▸ **What you should do**:
Start at the line in the entries below that contains "Laboratory Staff, Nursing", stop at the line that contains "Mahindra Stinger Convertible", and output exactly the lines in that span, both ends included.

▸ **Given information**:
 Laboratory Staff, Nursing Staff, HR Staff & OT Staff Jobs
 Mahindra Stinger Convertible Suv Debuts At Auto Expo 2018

---

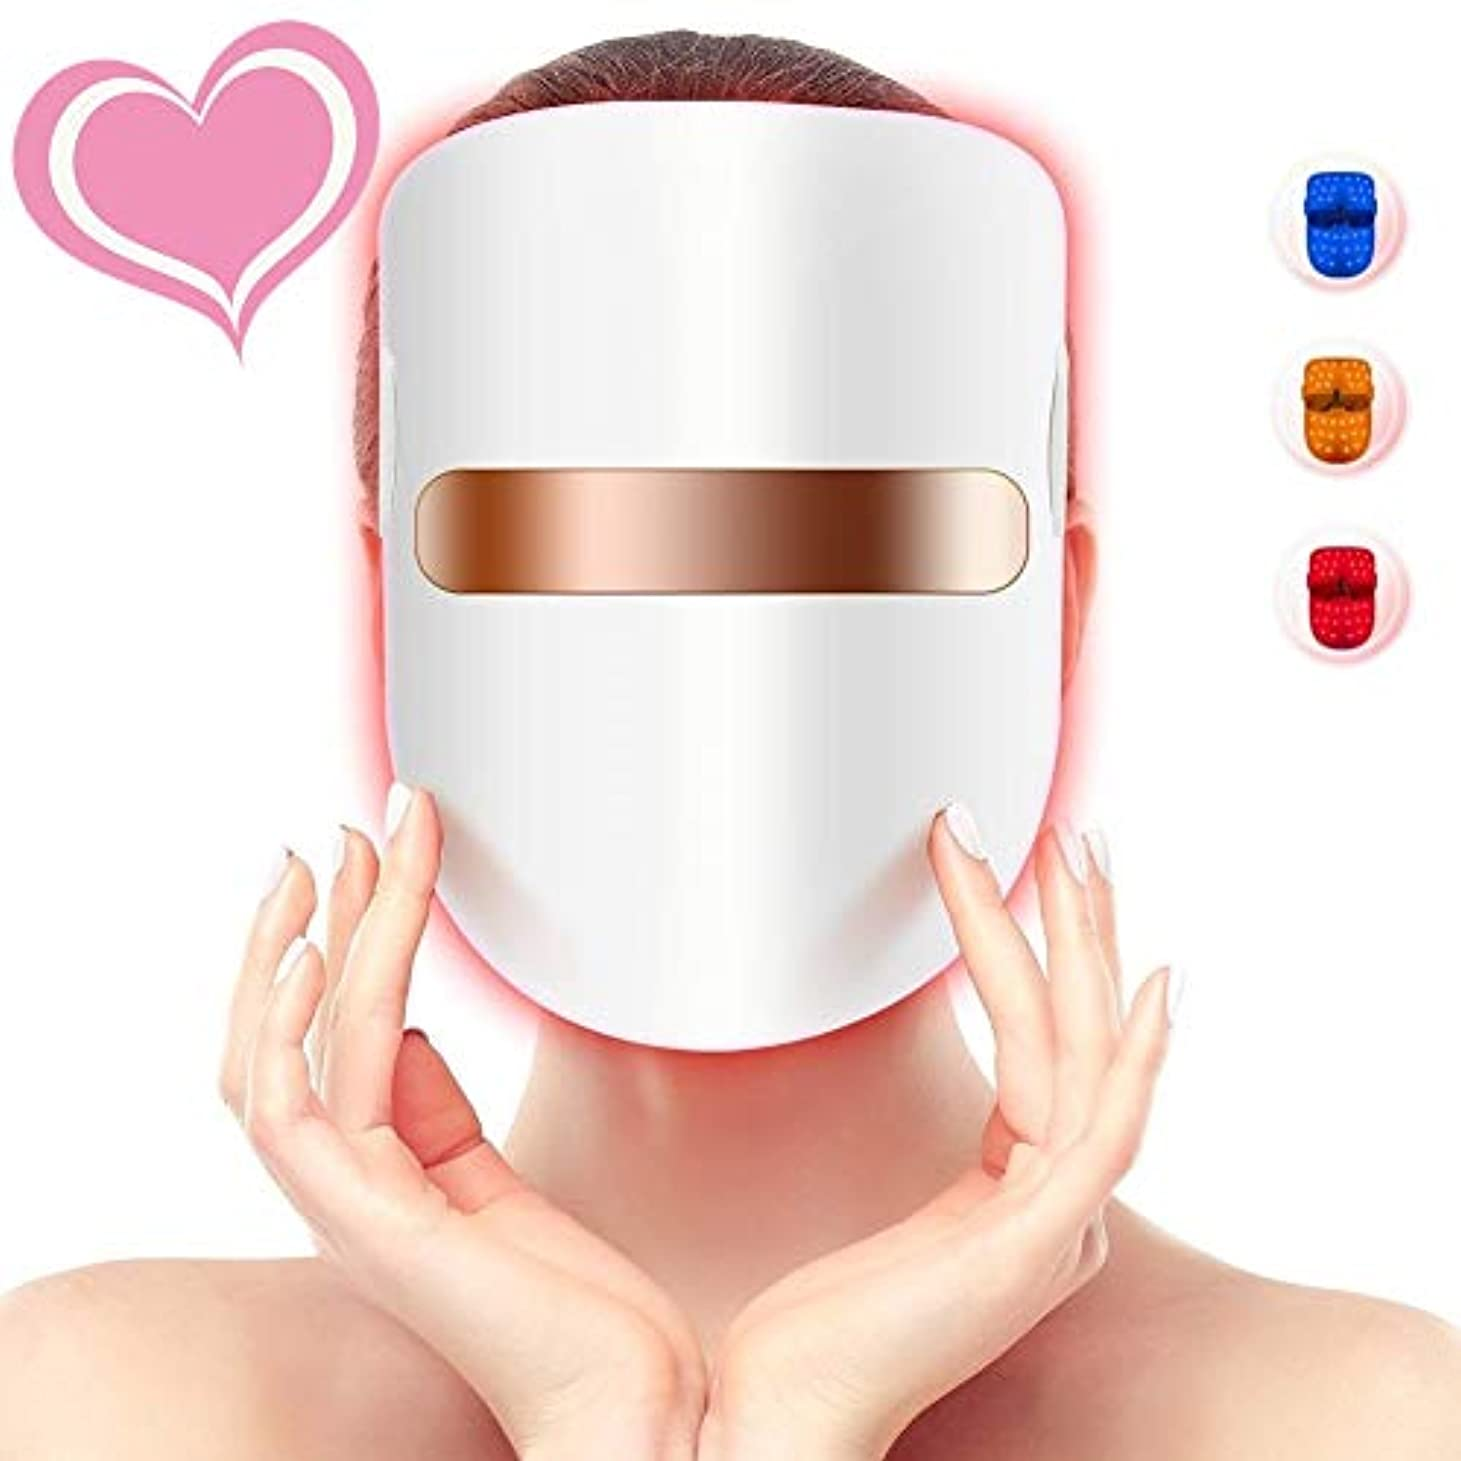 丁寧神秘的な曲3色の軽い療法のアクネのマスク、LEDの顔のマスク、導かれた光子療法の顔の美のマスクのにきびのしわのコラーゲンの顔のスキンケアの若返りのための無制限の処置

▸ **Output of the task**:
 Laboratory Staff, Nursing Staff, HR Staff & OT Staff Jobs
 Mahindra Stinger Convertible Suv Debuts At Auto Expo 2018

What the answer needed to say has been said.